| RECORDS SUPPLIED |
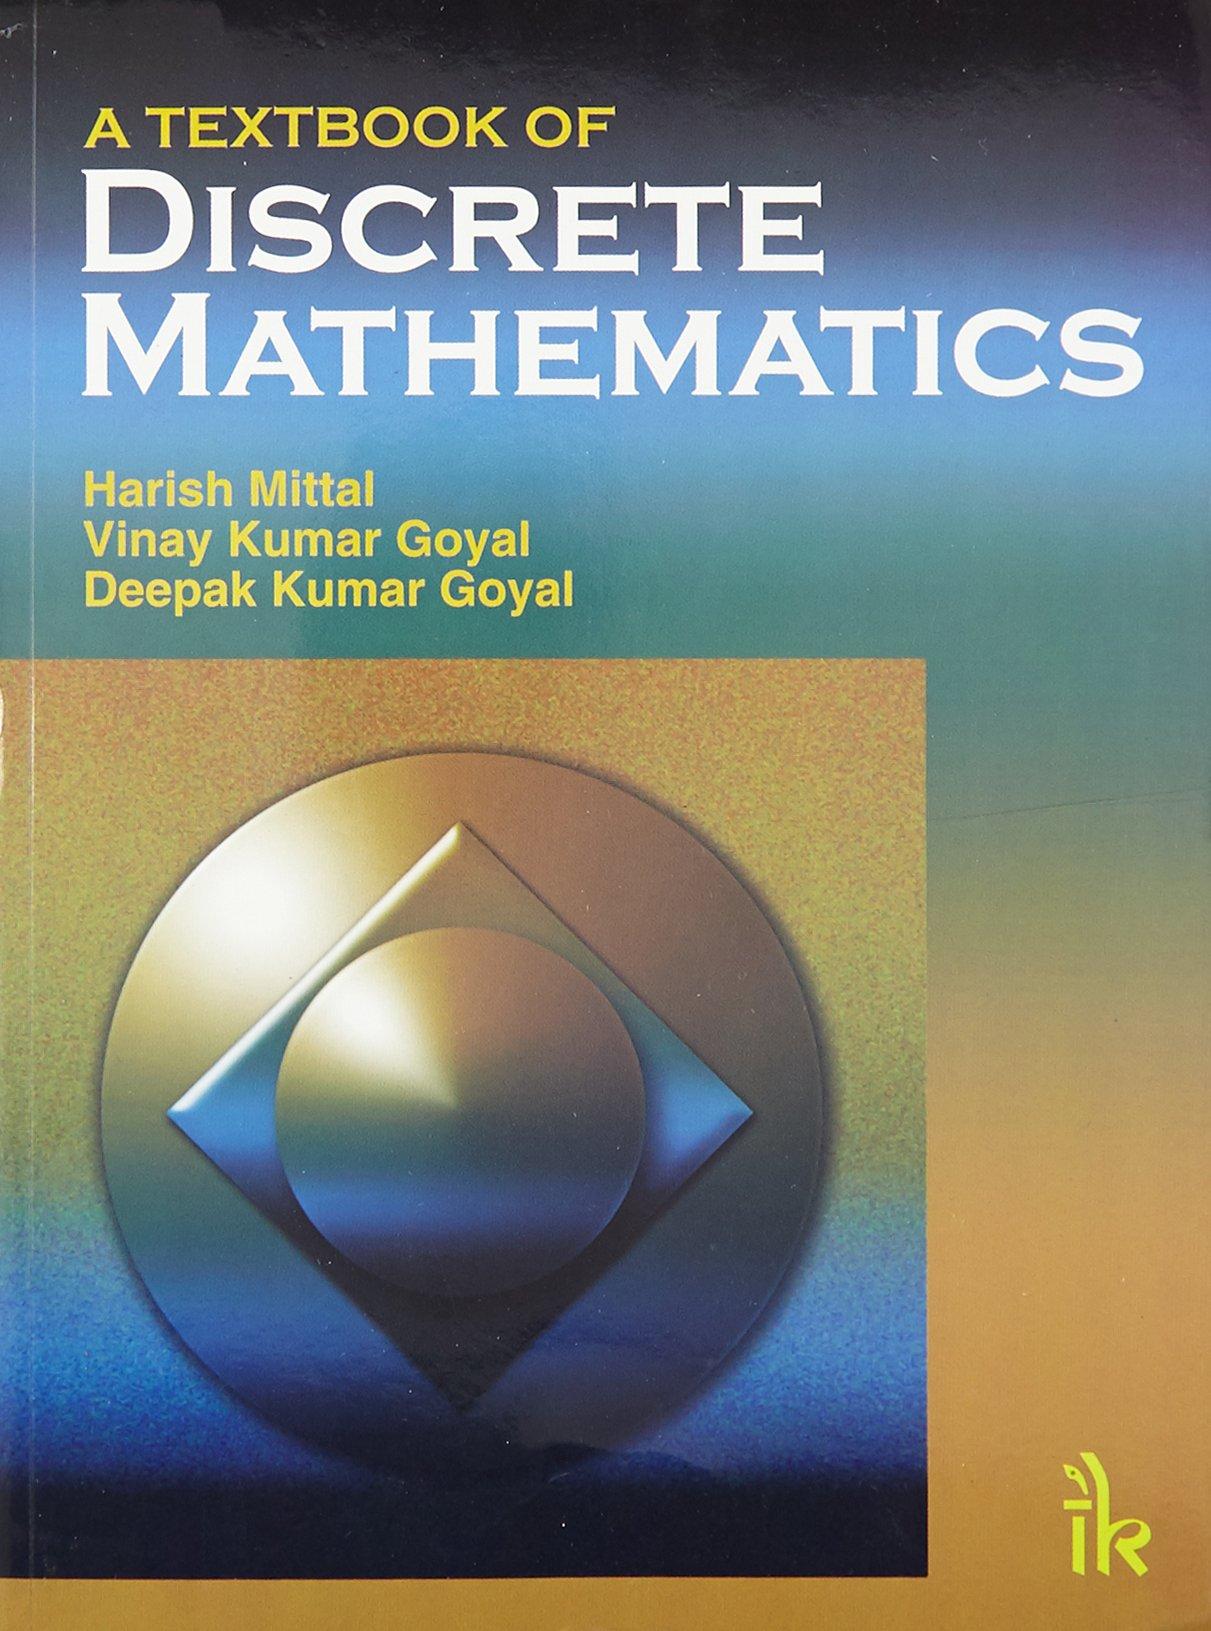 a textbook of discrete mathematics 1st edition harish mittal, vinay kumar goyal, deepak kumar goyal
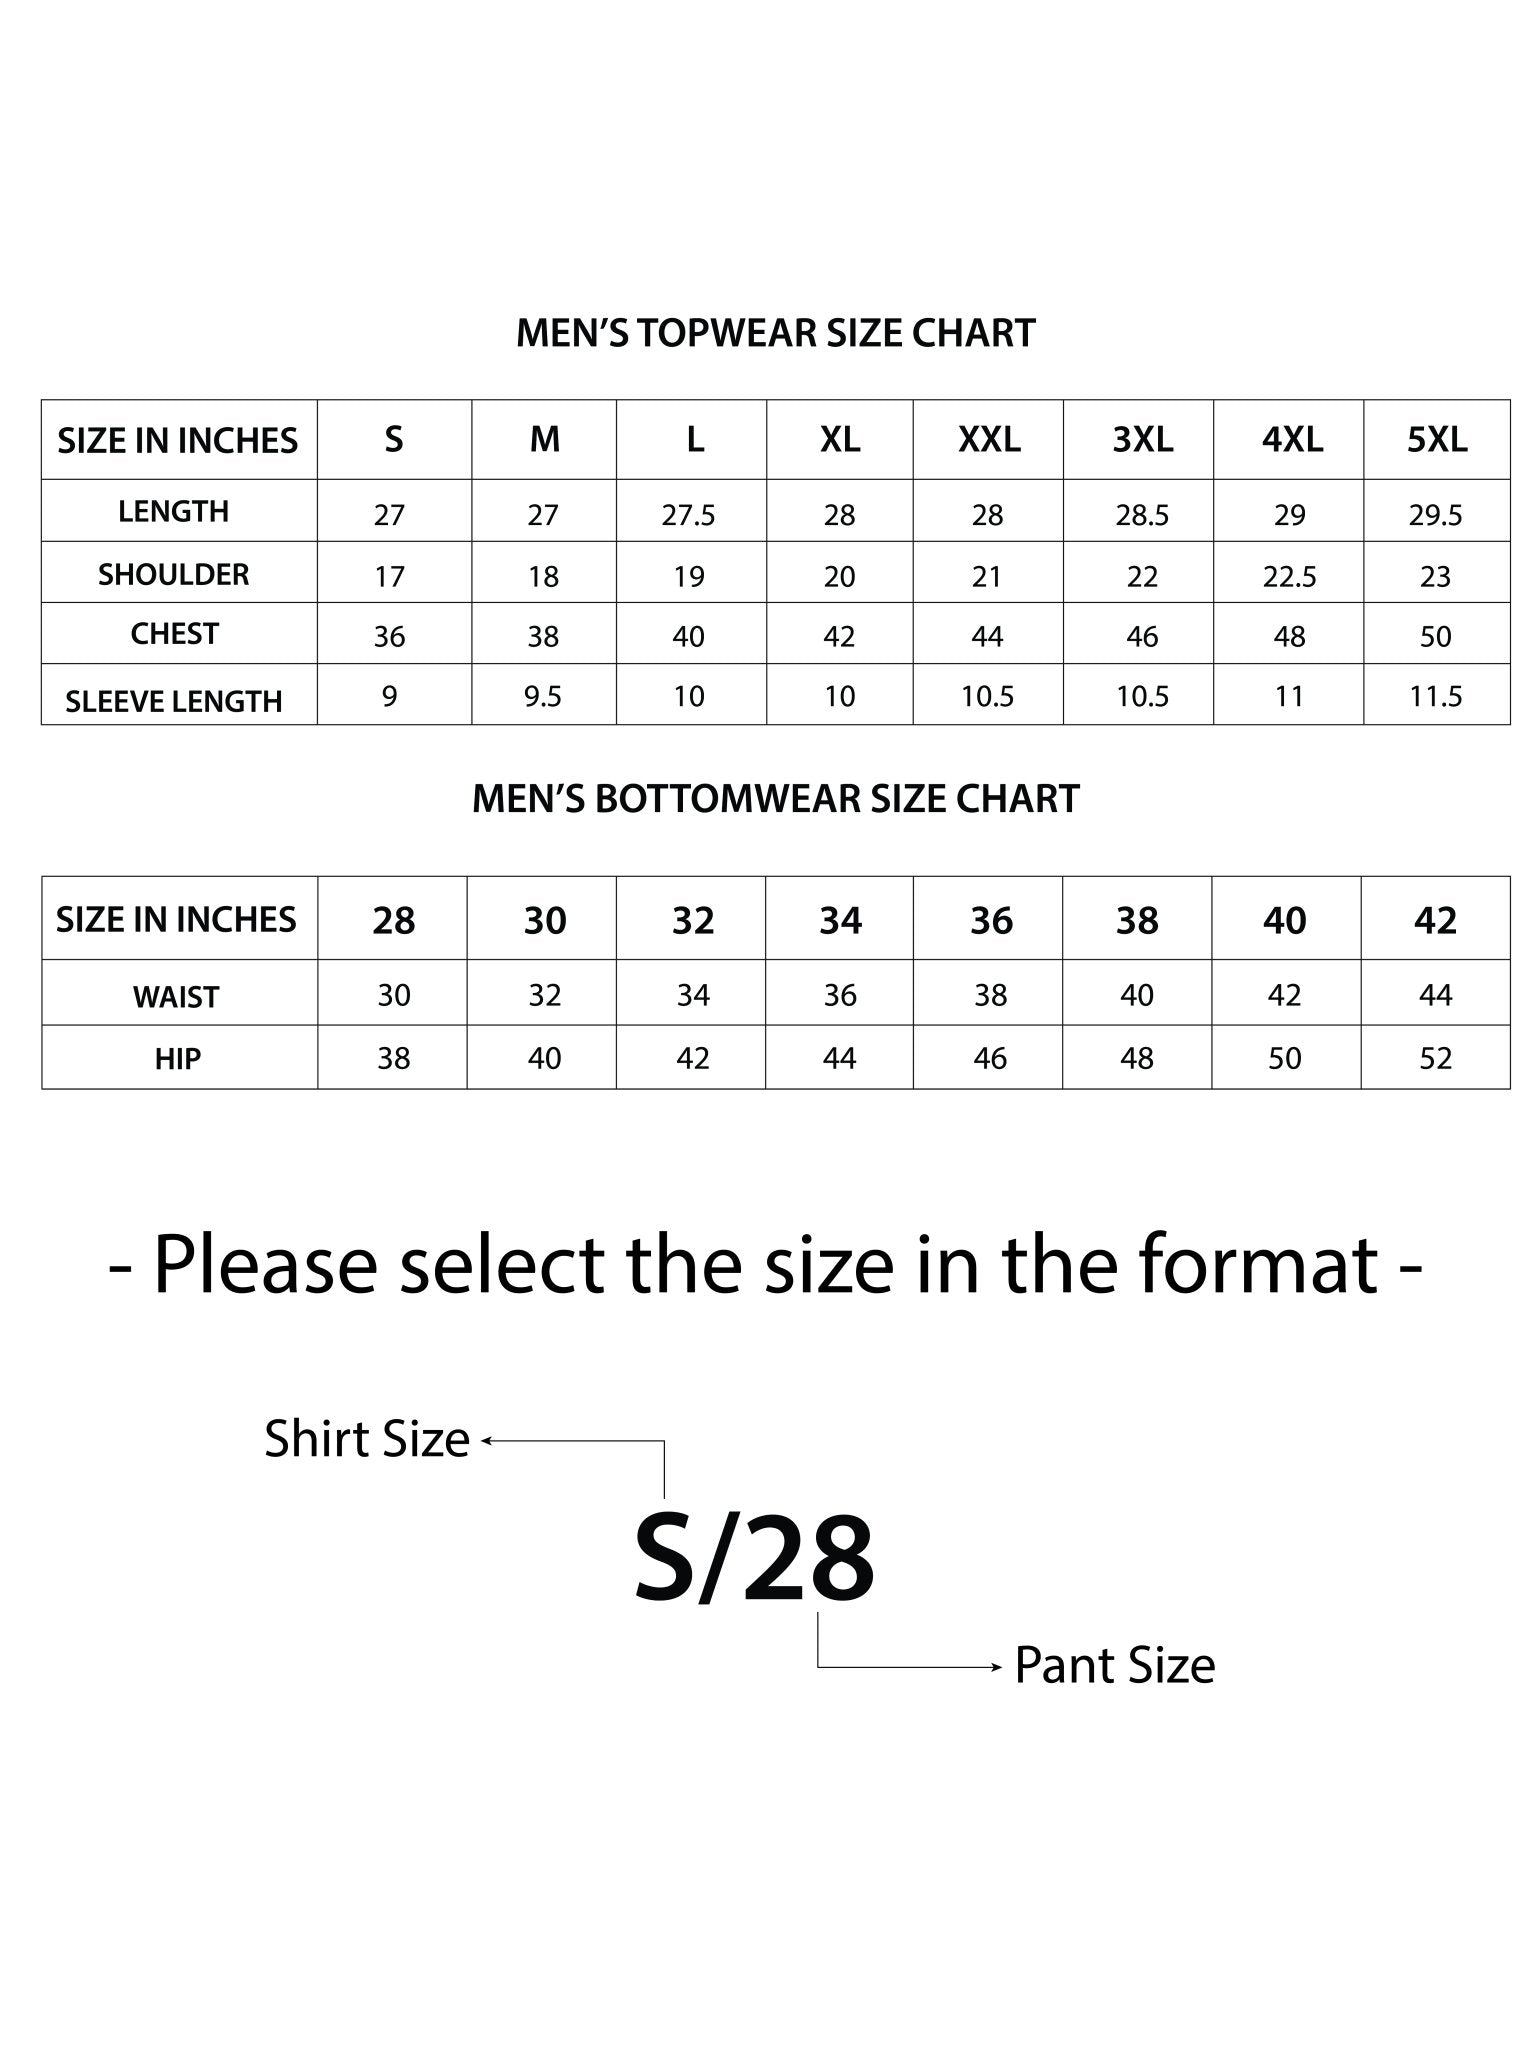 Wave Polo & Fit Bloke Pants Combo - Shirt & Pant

---

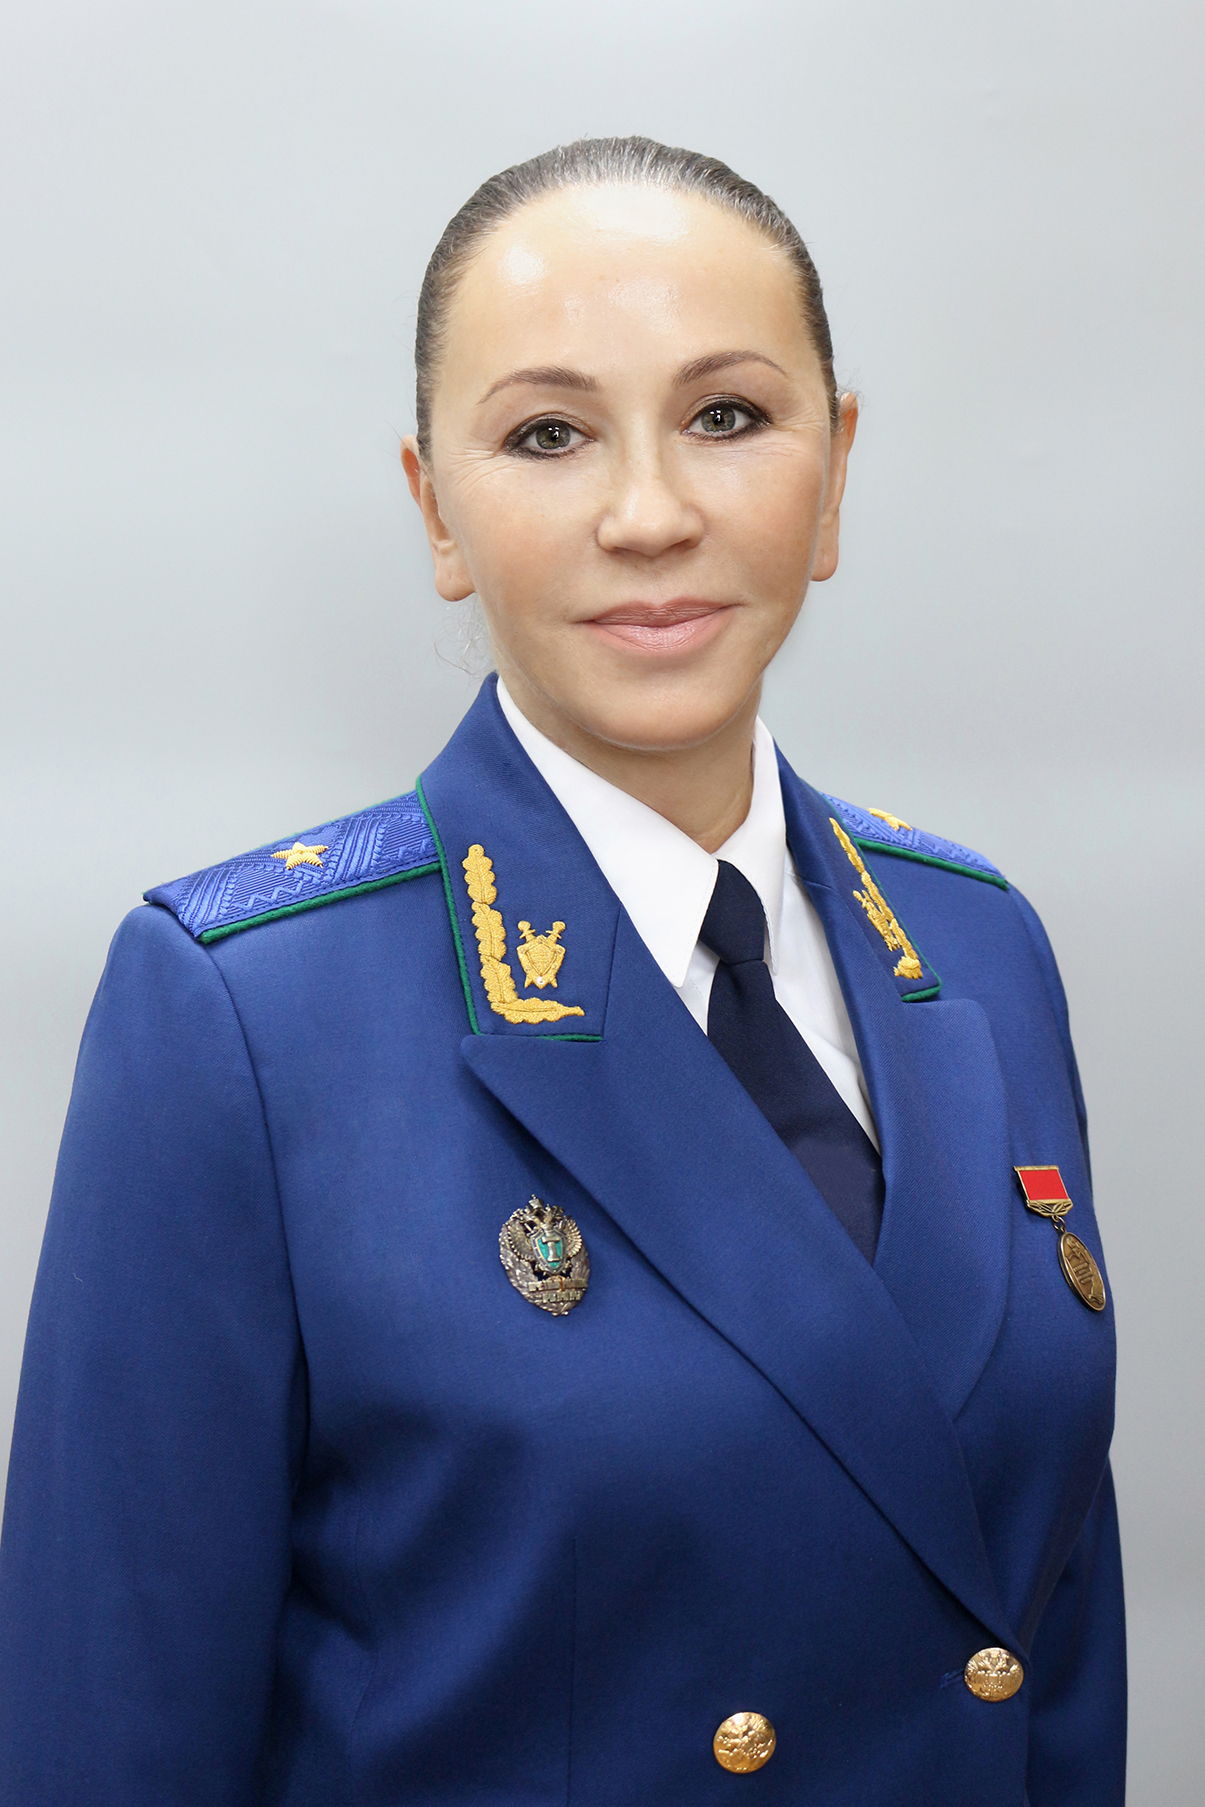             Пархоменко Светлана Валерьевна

| ABOUT THIS TASK |
Leave the pictures out, and transcribe exactly the lines above starting at the one that contains "a textbook of" and ending at the one that contains "Wave Polo &".

| SOLUTION TO THIS PROBLEM |
 a textbook of discrete mathematics 1st edition harish mittal, vinay kumar goyal, deepak kumar goyal
 Wave Polo & Fit Bloke Pants Combo - Shirt & Pant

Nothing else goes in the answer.